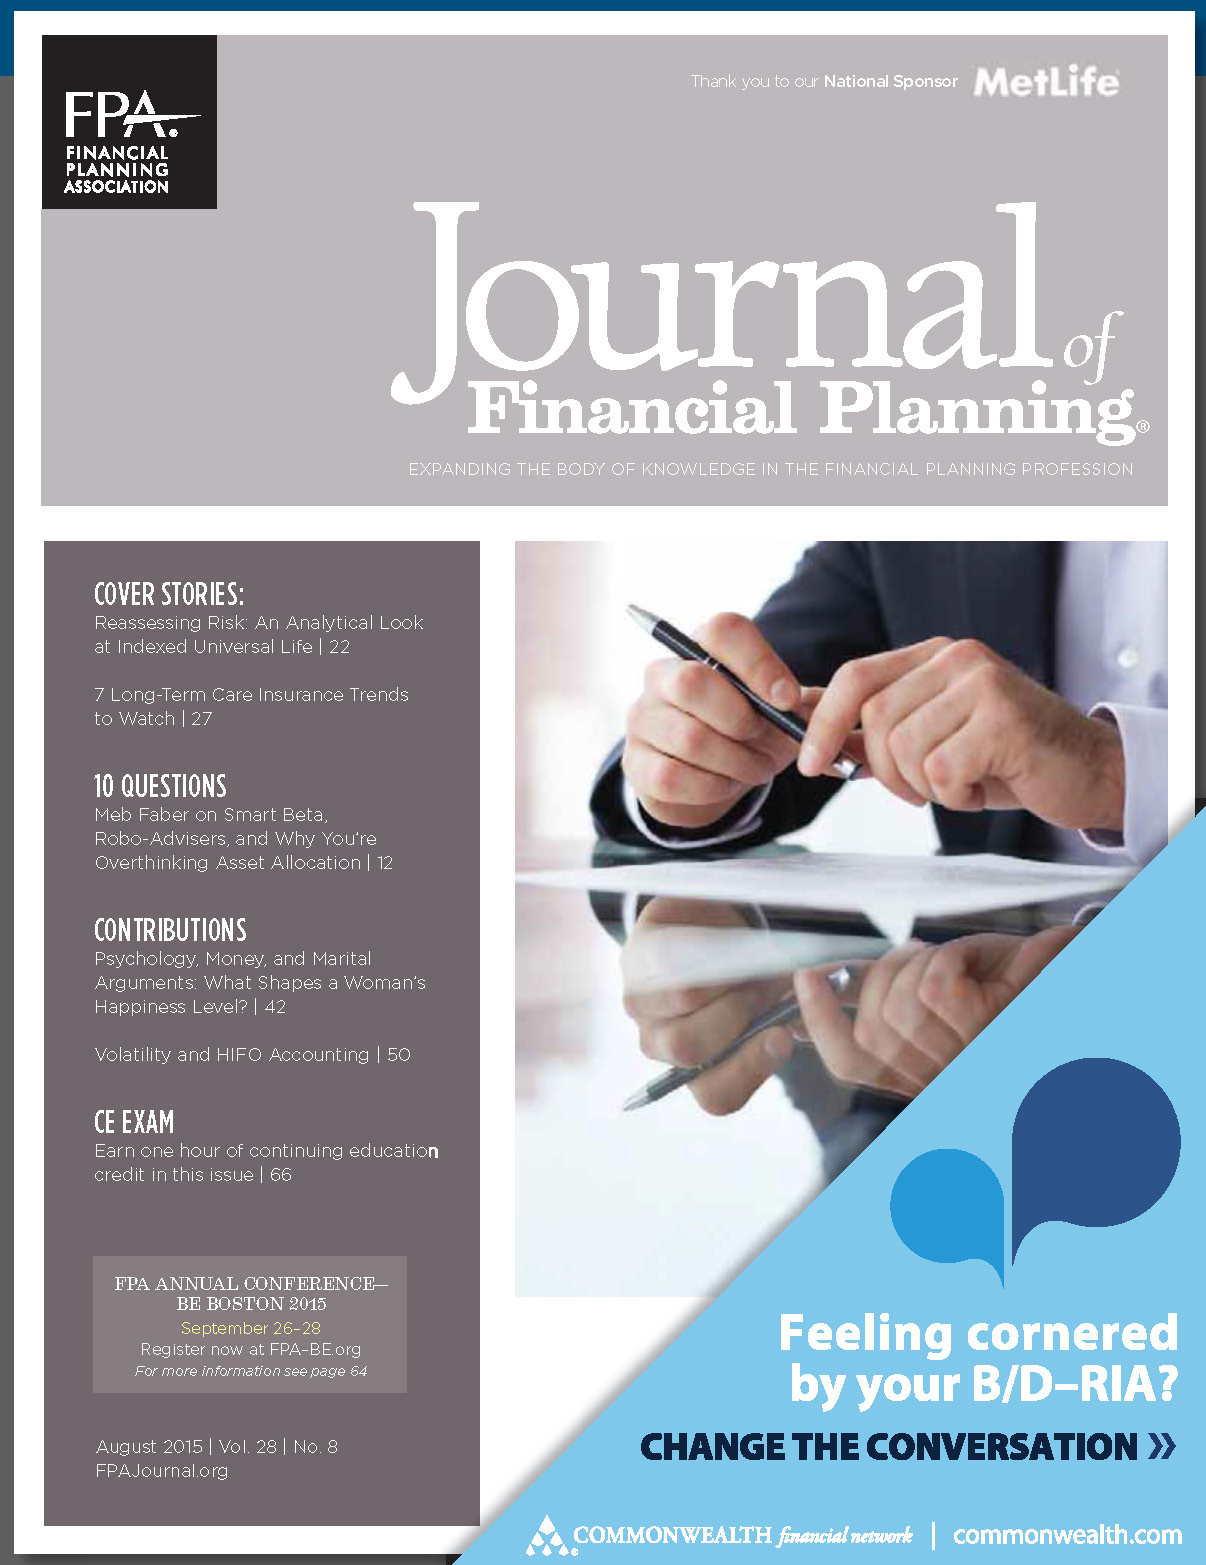 Financial Planning Association (FPA) - Journal of Financial Planning magazine article
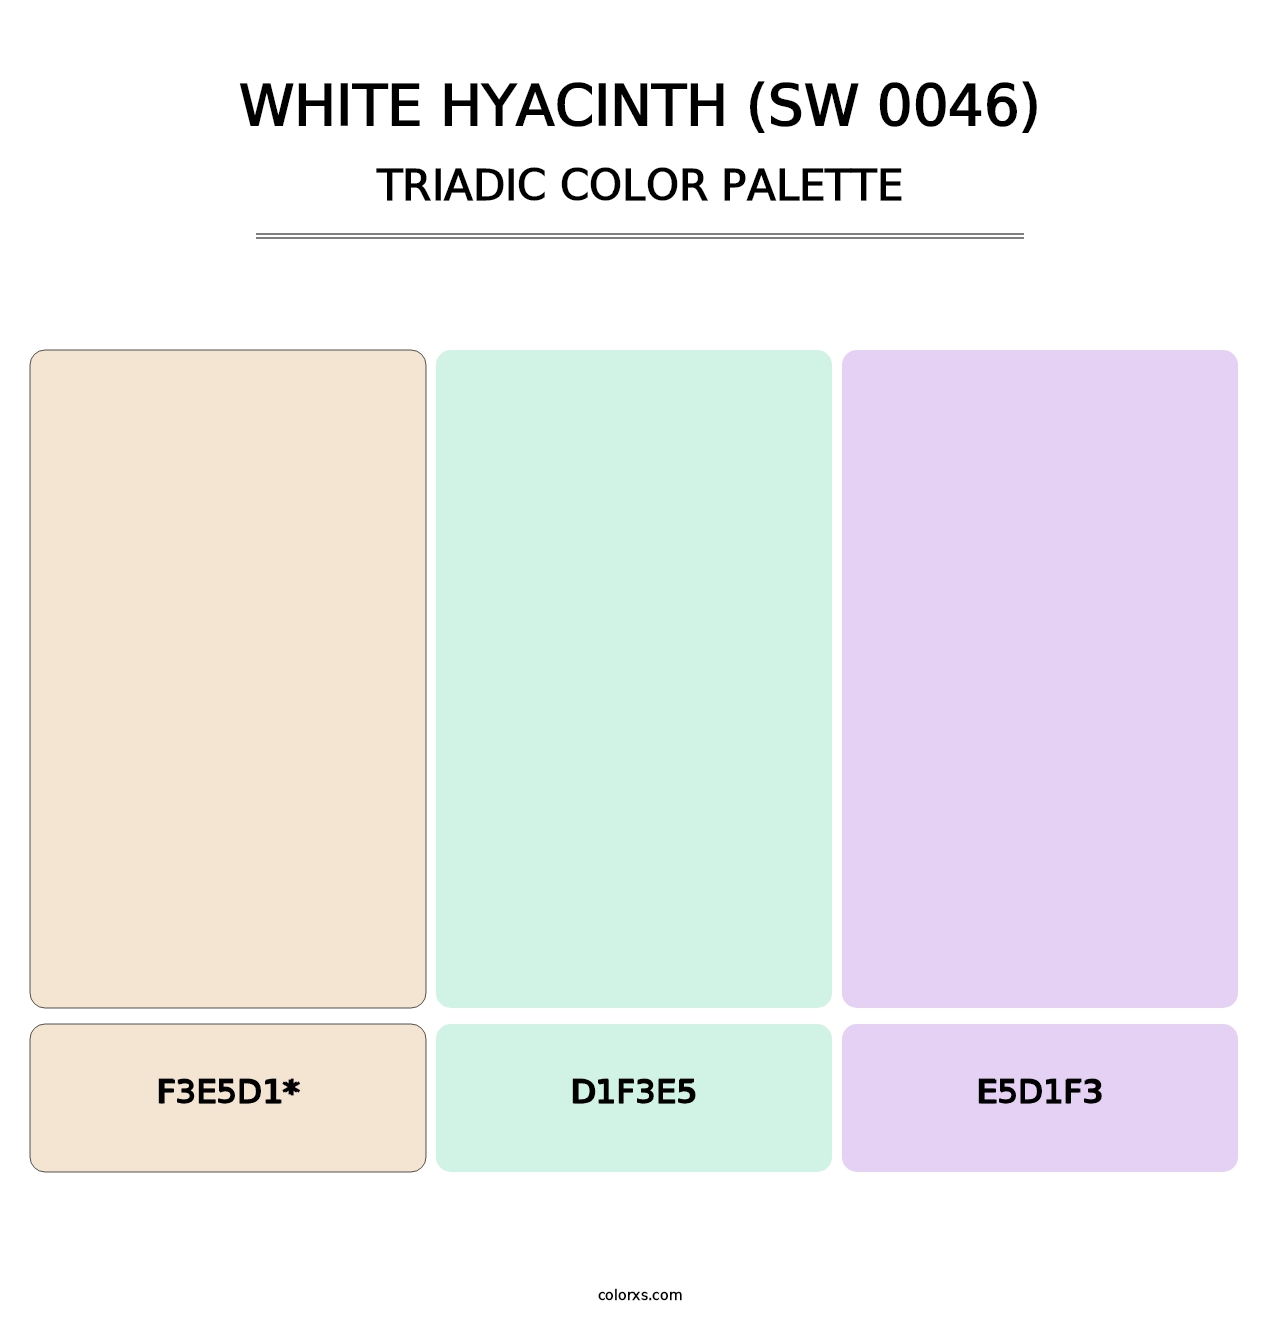 White Hyacinth (SW 0046) - Triadic Color Palette
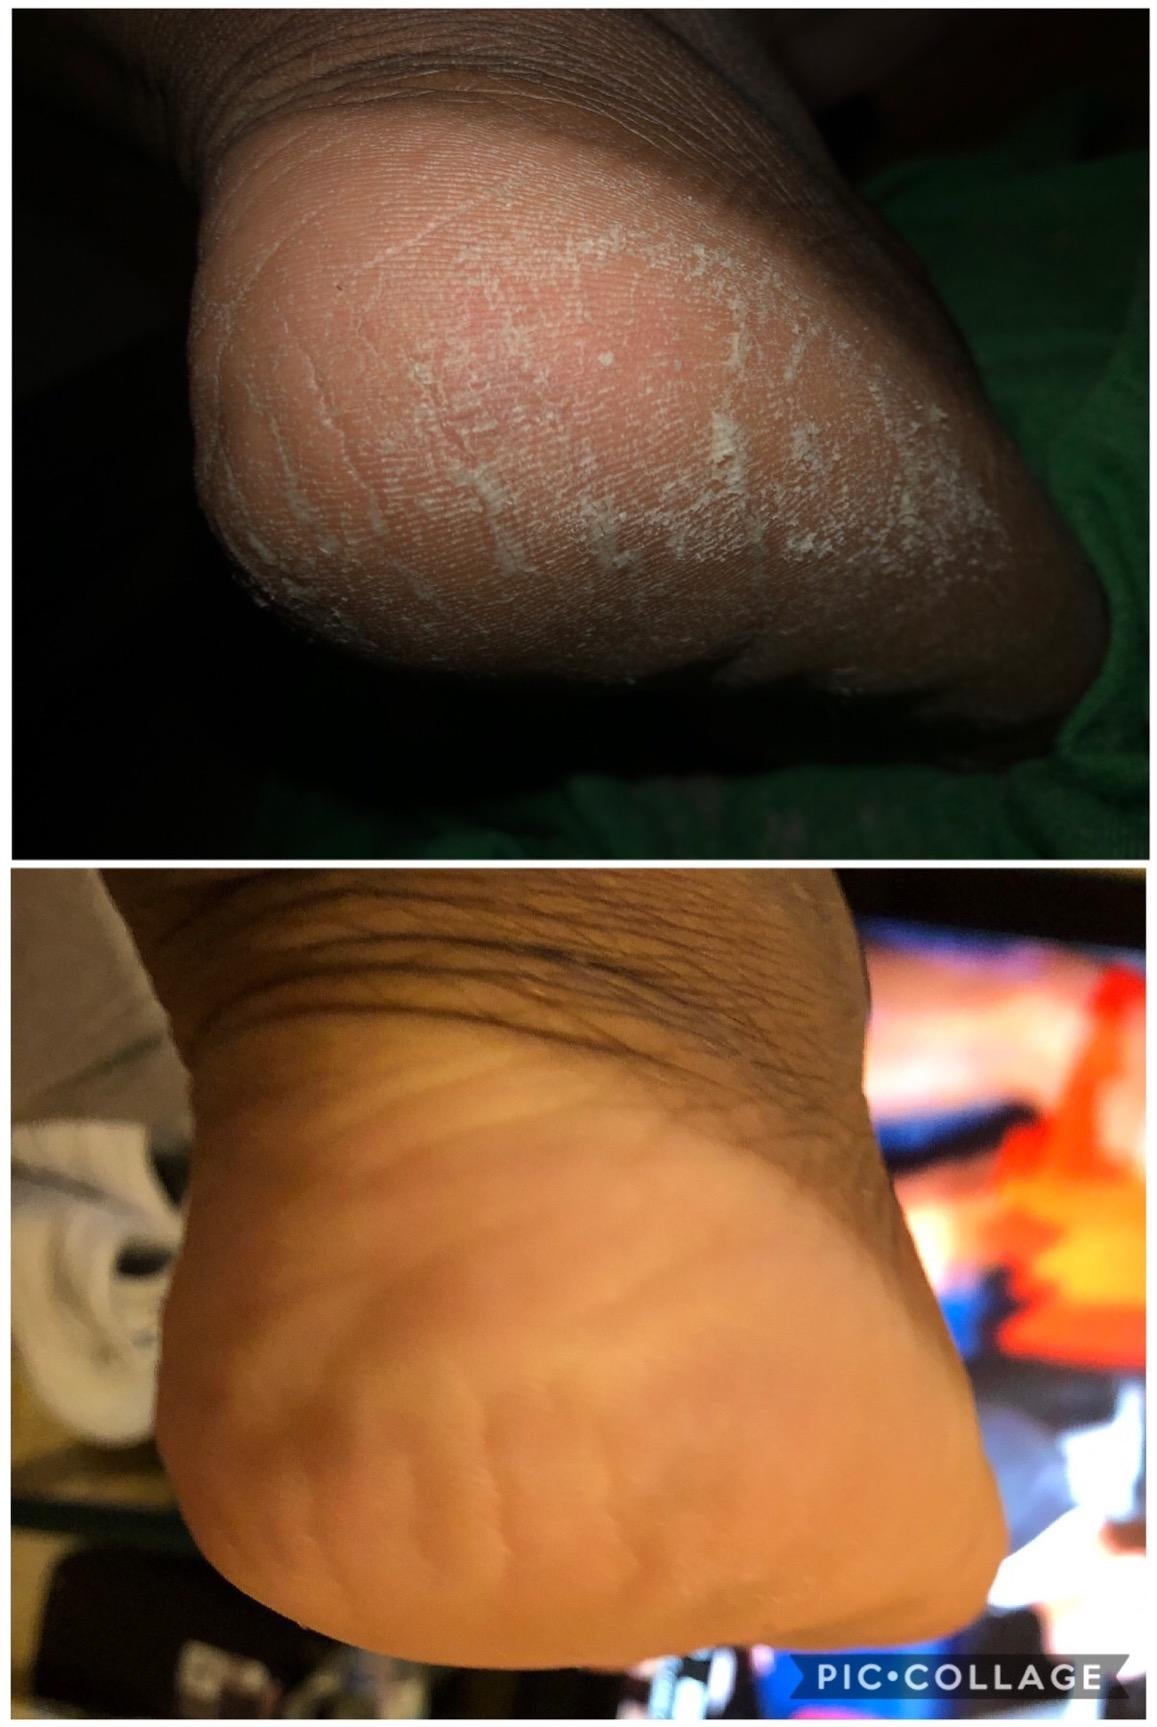 on top: heel covered in dry skin. on bottom: same heel without cracking and dry spots after using callus remover gel
..............................
Recreate the listing above word for word, dropping each picture it contains.

OUTPUT BELOW:
 Financial Planning Association (FPA) - Journal of Financial Planning magazine article
 White Hyacinth (SW 0046) - Triadic Color Palette
 on top: heel covered in dry skin. on bottom: same heel without cracking and dry spots after using callus remover gel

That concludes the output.